Construction of the prognostic signatureusing AS events for GC patients
To minimize the counts of the prognostic model, lasso and multivariate Cox regression methods were performed. After lasso regression filtering, 20 variables (If available) in each splicing type dropped to 20 in AA, 19 in AD, 17 in AP, 16 in AT, 17 in ES, 13 in ME, 15 in RI and 17 in all types, respectively (Fig.3A-H). Then, the selected AS events were further screened by the multivariate Cox regression, and thus final prognostic models were constructed, containing 15 AA, 14 AD, 9 AP, 10 AT, 13 ES, 8 ME, 10 RI and 11 mixed events, respectively (Fig.4A-H).
Using the median value of the riskscore as the cutoff, GC patients were classified into high- and low- risk groups. The Kaplan-Meier curves were employed to demonstrate the survival variation of patients between these two groups. Each AS-based prognostic model, stratified by AA, AD, AP, AT, ES, ME, RI events or not stratified, indicated the predictive power that patients in the high-risk group had poorer OS than those in the low-risk group, respectively (Fig.5A-H).
ROC curves were generated to assess the predictive accuracy of the eight AS prognostic models. As illustrated in Fig.5I, the risk score of AD model showed the greatest predictive power with an AUC of 0.804, followed by AA, AP, AT, RI and the model not stratified by AS types. The performance of these prognostic signatures with AUC>0.7 were further tested in predicting the survival status. With the increasing risk score calculated by any type of AUC>0.7 (AA, AD, AP, AT, RI and mixed events), there were more patients dead and less patients living, respectively (Fig.6A-F).

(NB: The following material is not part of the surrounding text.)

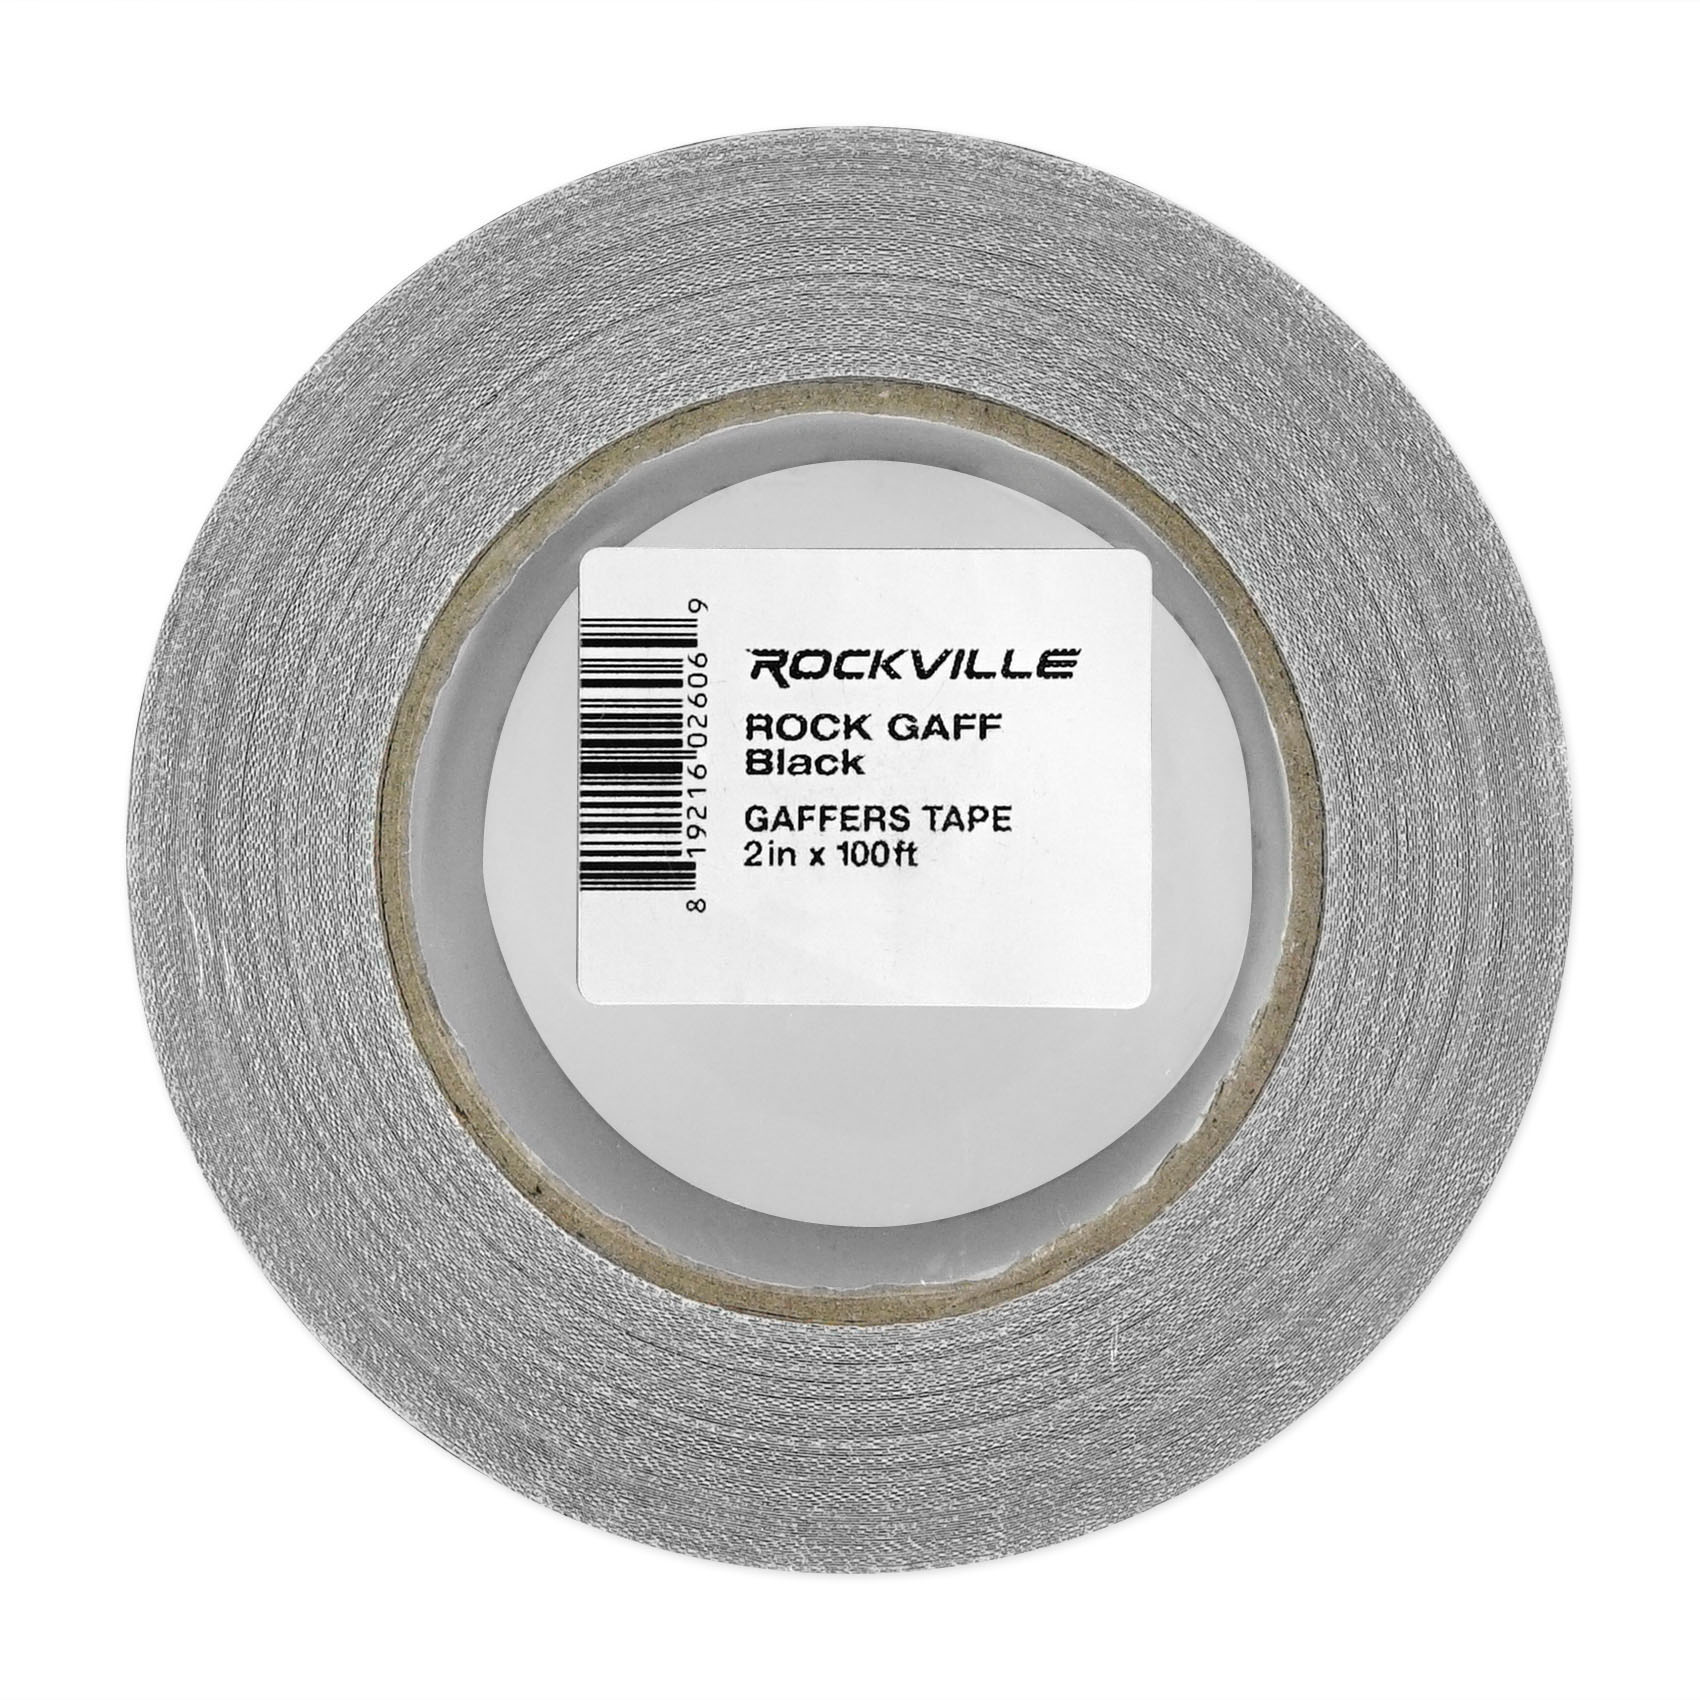 (8) Rolls Rockville Pro Audio/Stage Wire ROCK GAFF Black Gaffers Tape 2"x100 Ft - image 4 of 8

To determine whether the final model was an independent prognostic factor for GC, AS predictive models along with age, gender, grade and clinical stage, were once again sent for Uni/Multivariate Cox regression analysis. Although AA, AD, AP, AT, ES, ME, RI and mixed events exhibited predictive performance (Fig. 7A), risk scores calculated by the formula of AA, AD, AT, ES, RI events were independent prognostic indicators (Fig.7B).
Interactive analysis of Splicing factors and AS events
The regulatory network was built based on the expression of SF genes and PSI values of AS events via using the cytoscape software. As shown in Fig.8A, prognostic AS events, including 20 risky (red node) and 14 favorable ones (green node), were positively or negatively modulated by the key SF genes (blue node). Remarkably, the same SF could regulate different AS events, and the same AS could be regulated by different SFs. Moreover, a majority of adverse AS events were positively associated with SFs (red line), whereas most favorable AS events were negatively associated with SFs (green line). For the same gene and same splicing type, the SF may play different or even opposite roles producing different isoforms. For example, QKI expression was positively correlated with AT event of SEPT11-69618, but negatively correlated with AT event of SEPT11-69616 (Fig.8B, C).